Task instructions.
Apart from the pictures, write out all the records exactly.

Provided data.
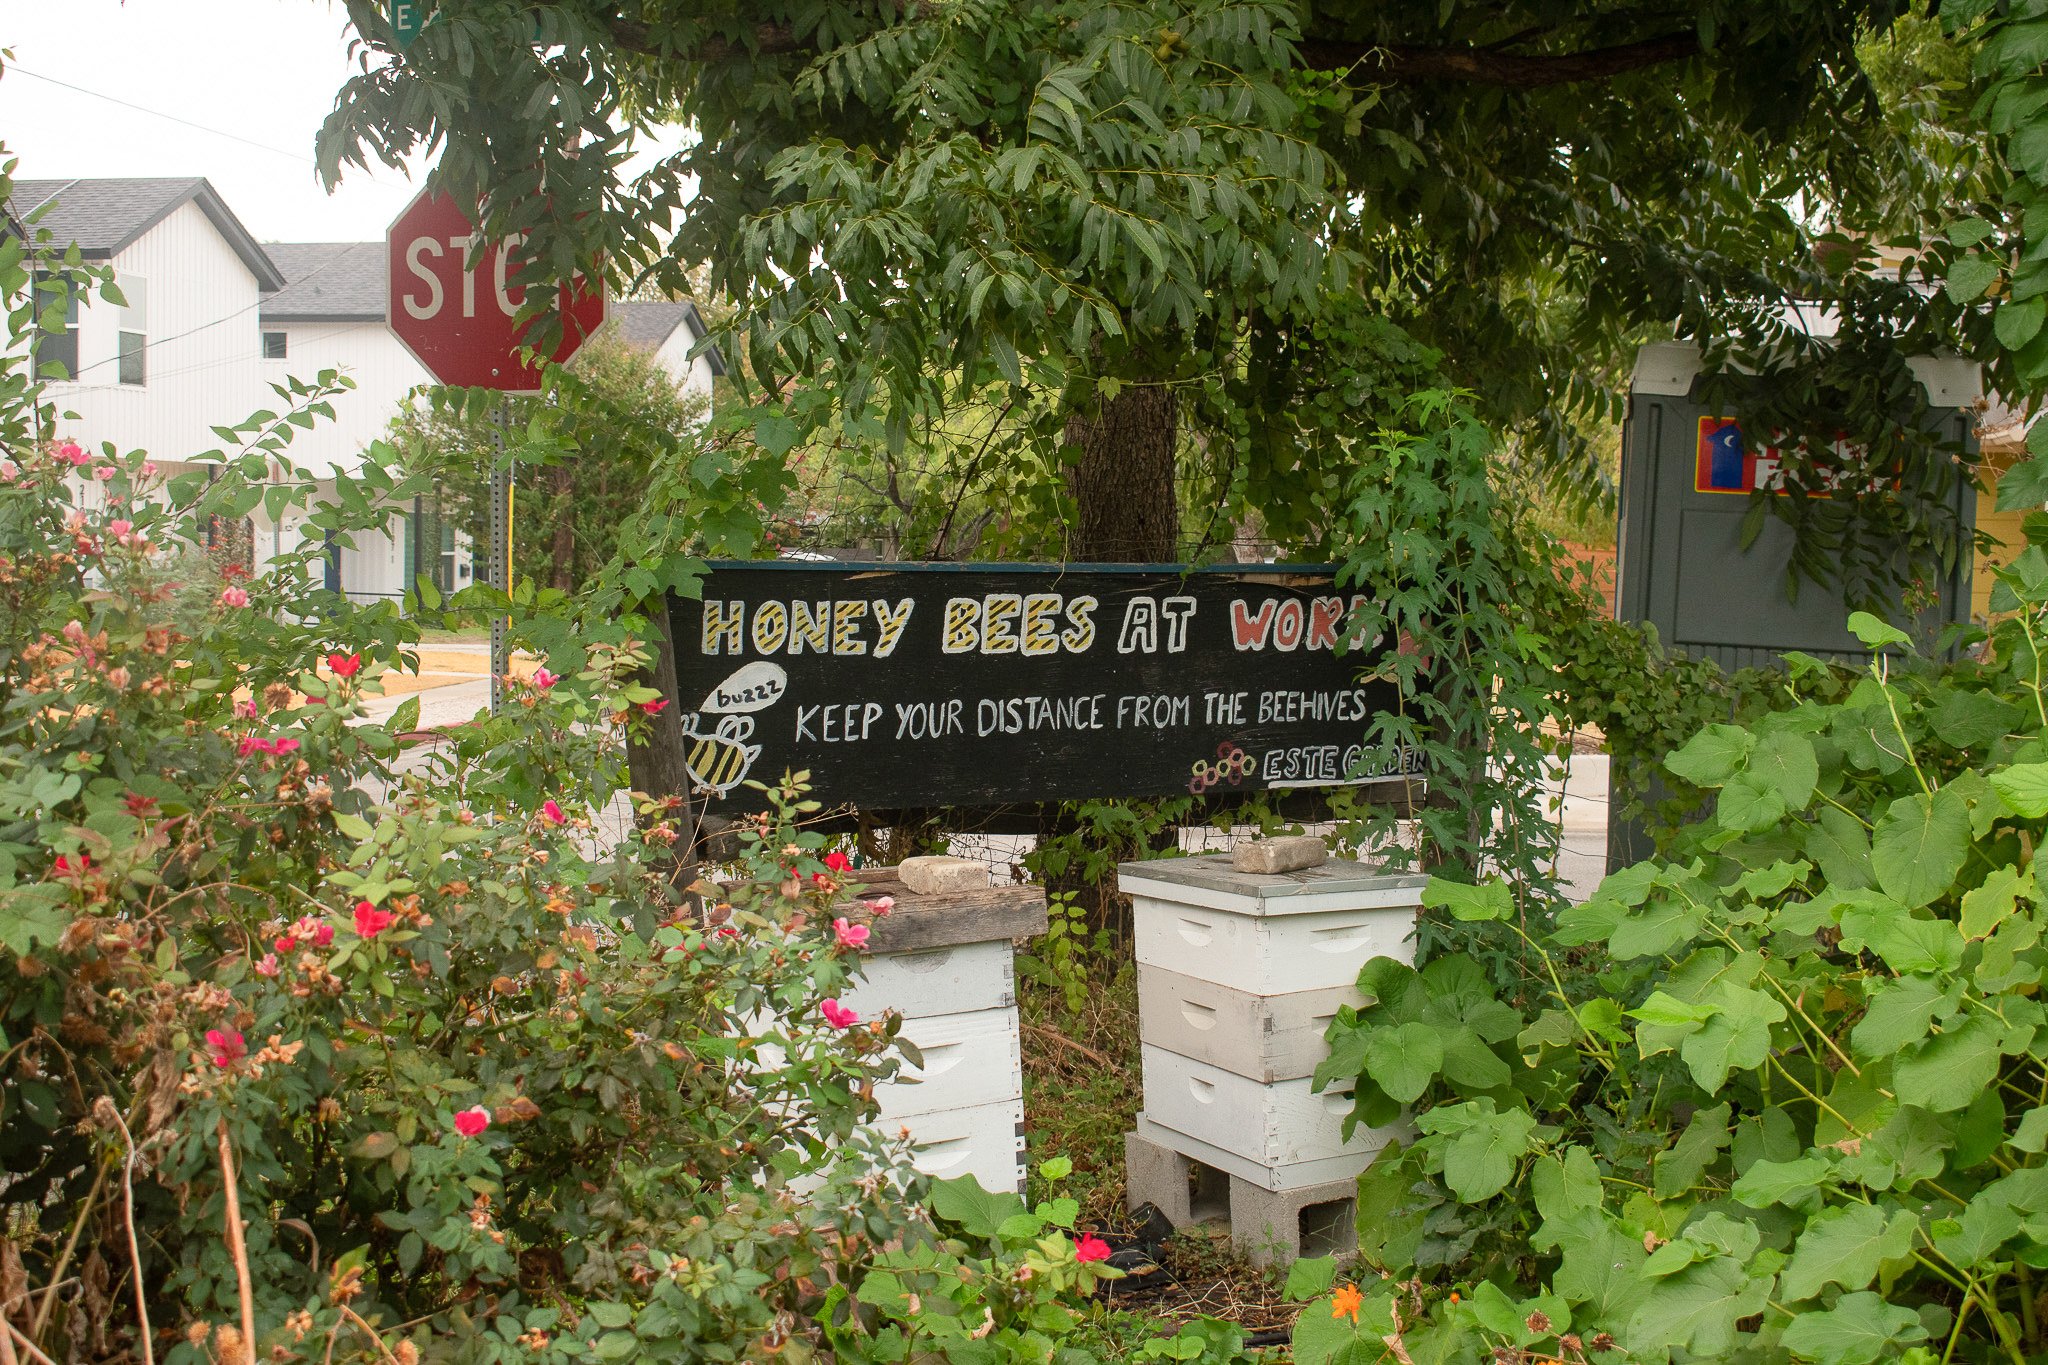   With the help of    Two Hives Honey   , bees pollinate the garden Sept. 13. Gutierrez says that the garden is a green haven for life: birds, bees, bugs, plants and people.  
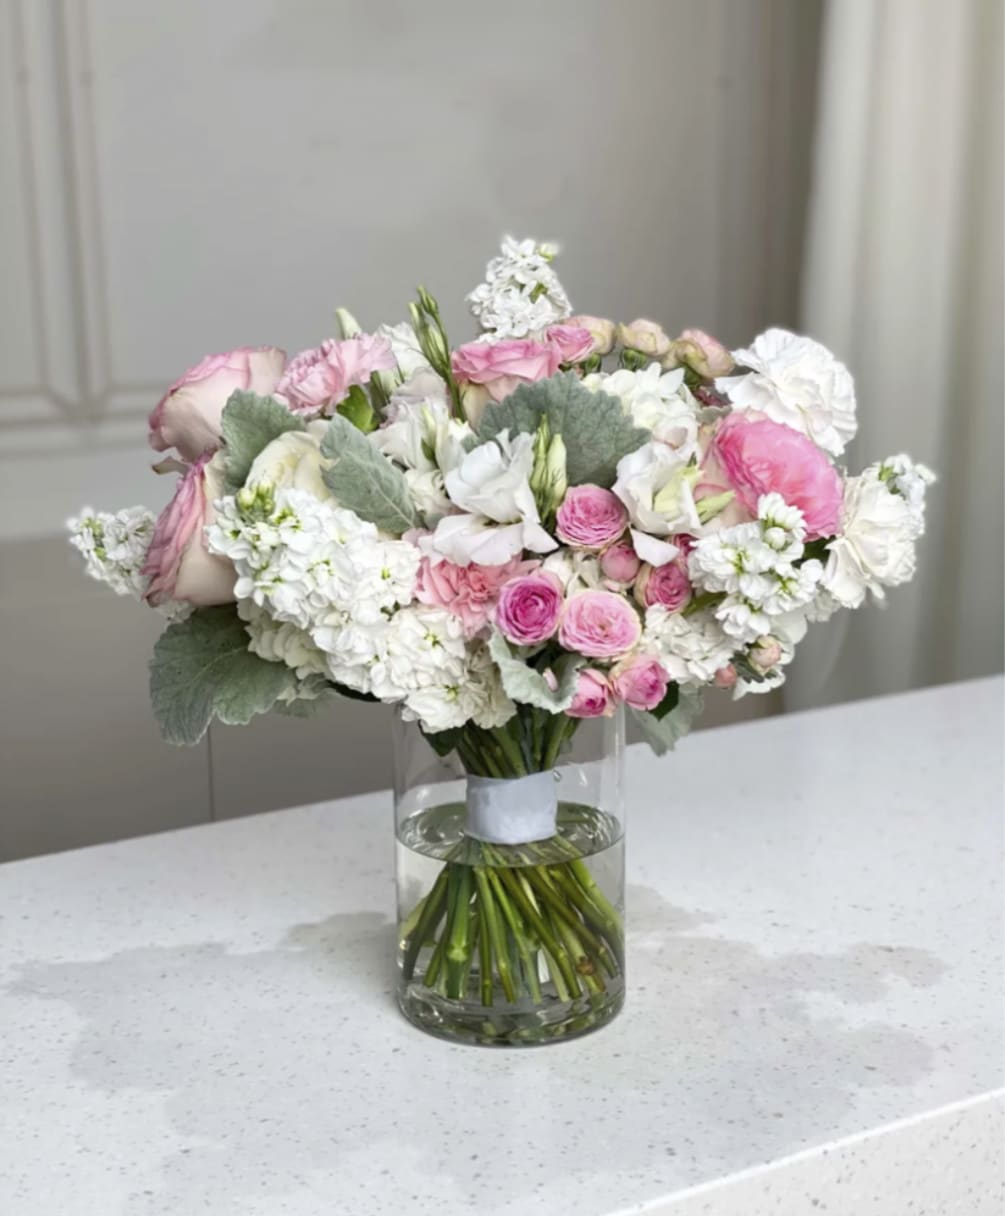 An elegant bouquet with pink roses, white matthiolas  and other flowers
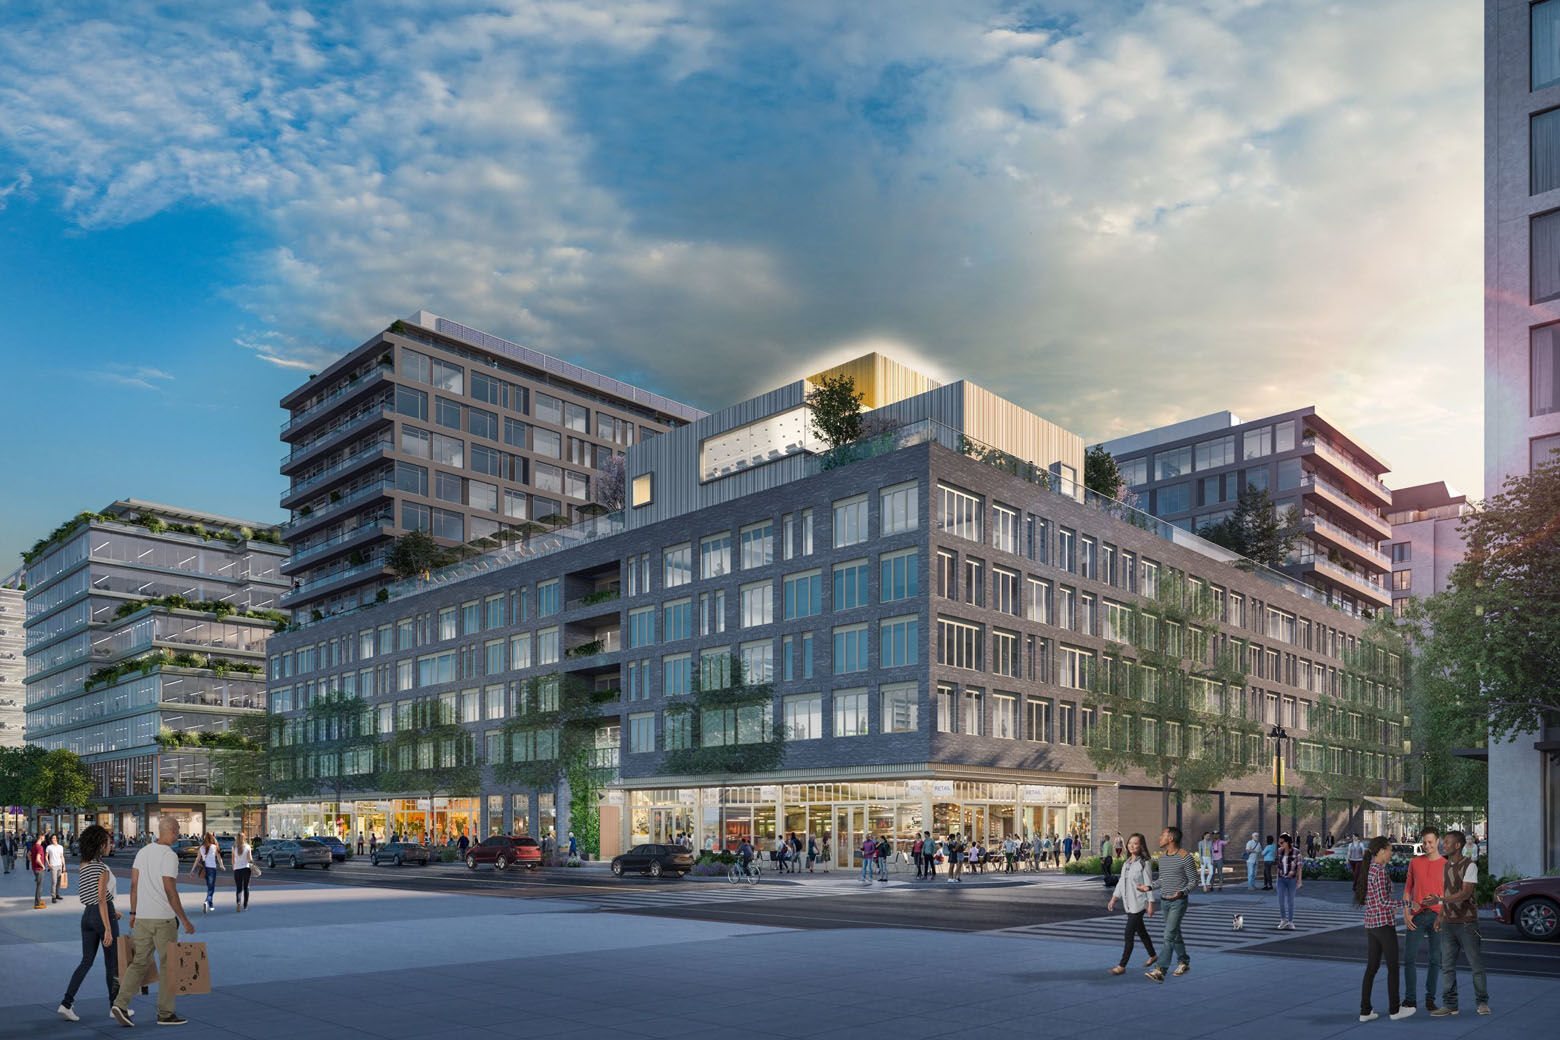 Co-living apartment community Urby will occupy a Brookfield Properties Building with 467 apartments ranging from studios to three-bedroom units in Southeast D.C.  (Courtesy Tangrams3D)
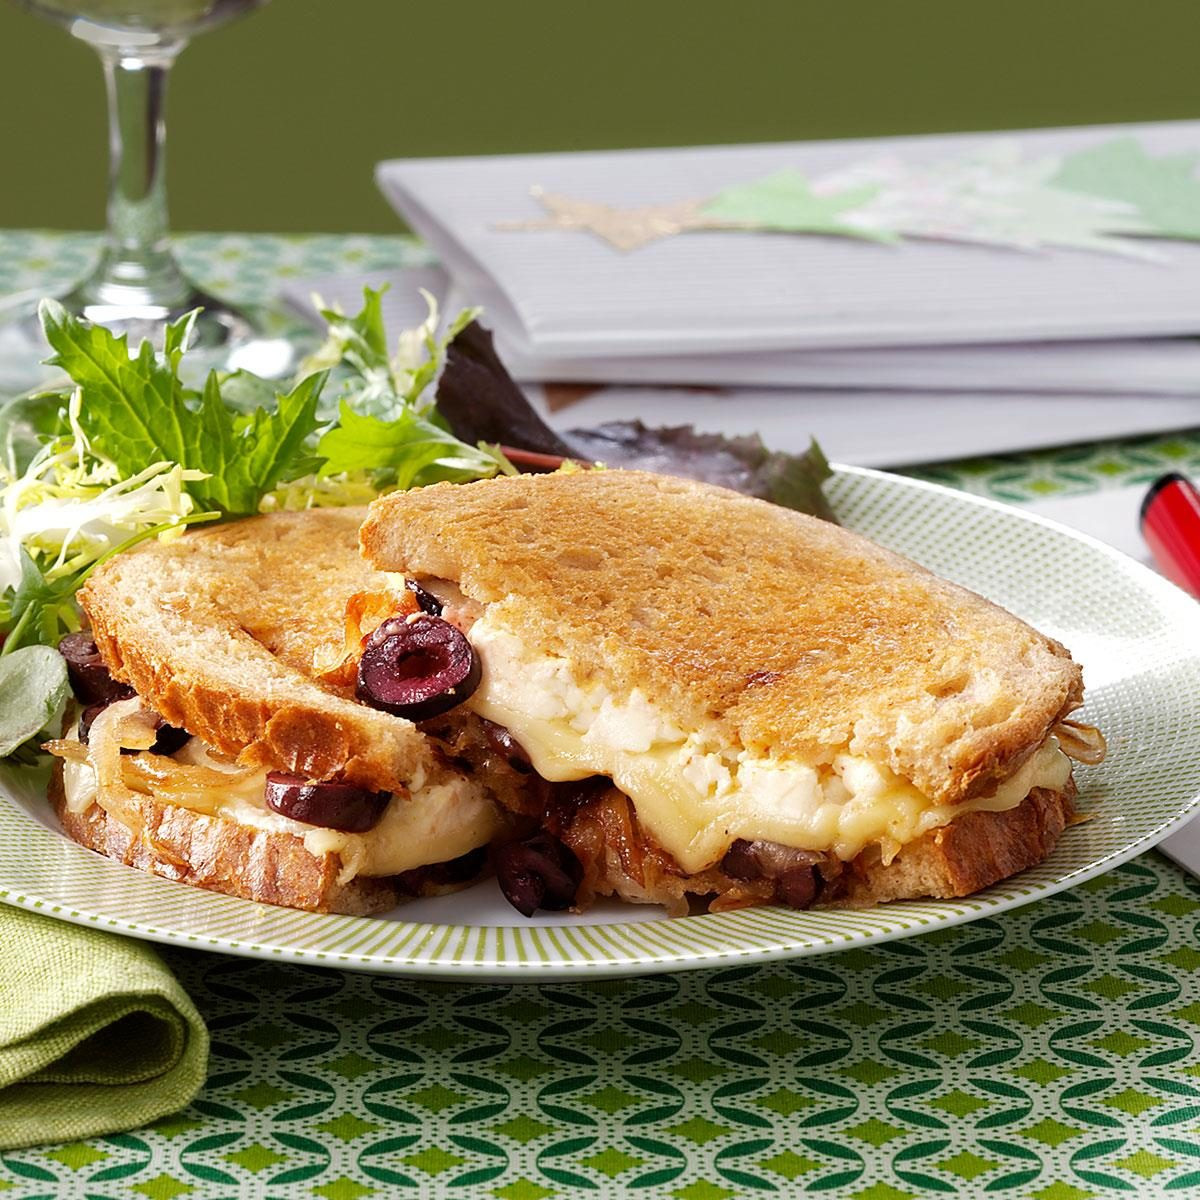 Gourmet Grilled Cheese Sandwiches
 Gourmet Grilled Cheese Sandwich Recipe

Response.
   With the help of    Two Hives Honey   , bees pollinate the garden Sept. 13. Gutierrez says that the garden is a green haven for life: birds, bees, bugs, plants and people.  
 An elegant bouquet with pink roses, white matthiolas  and other flowers
 Co-living apartment community Urby will occupy a Brookfield Properties Building with 467 apartments ranging from studios to three-bedroom units in Southeast D.C.  (Courtesy Tangrams3D)
 Gourmet Grilled Cheese Sandwiches
 Gourmet Grilled Cheese Sandwich Recipe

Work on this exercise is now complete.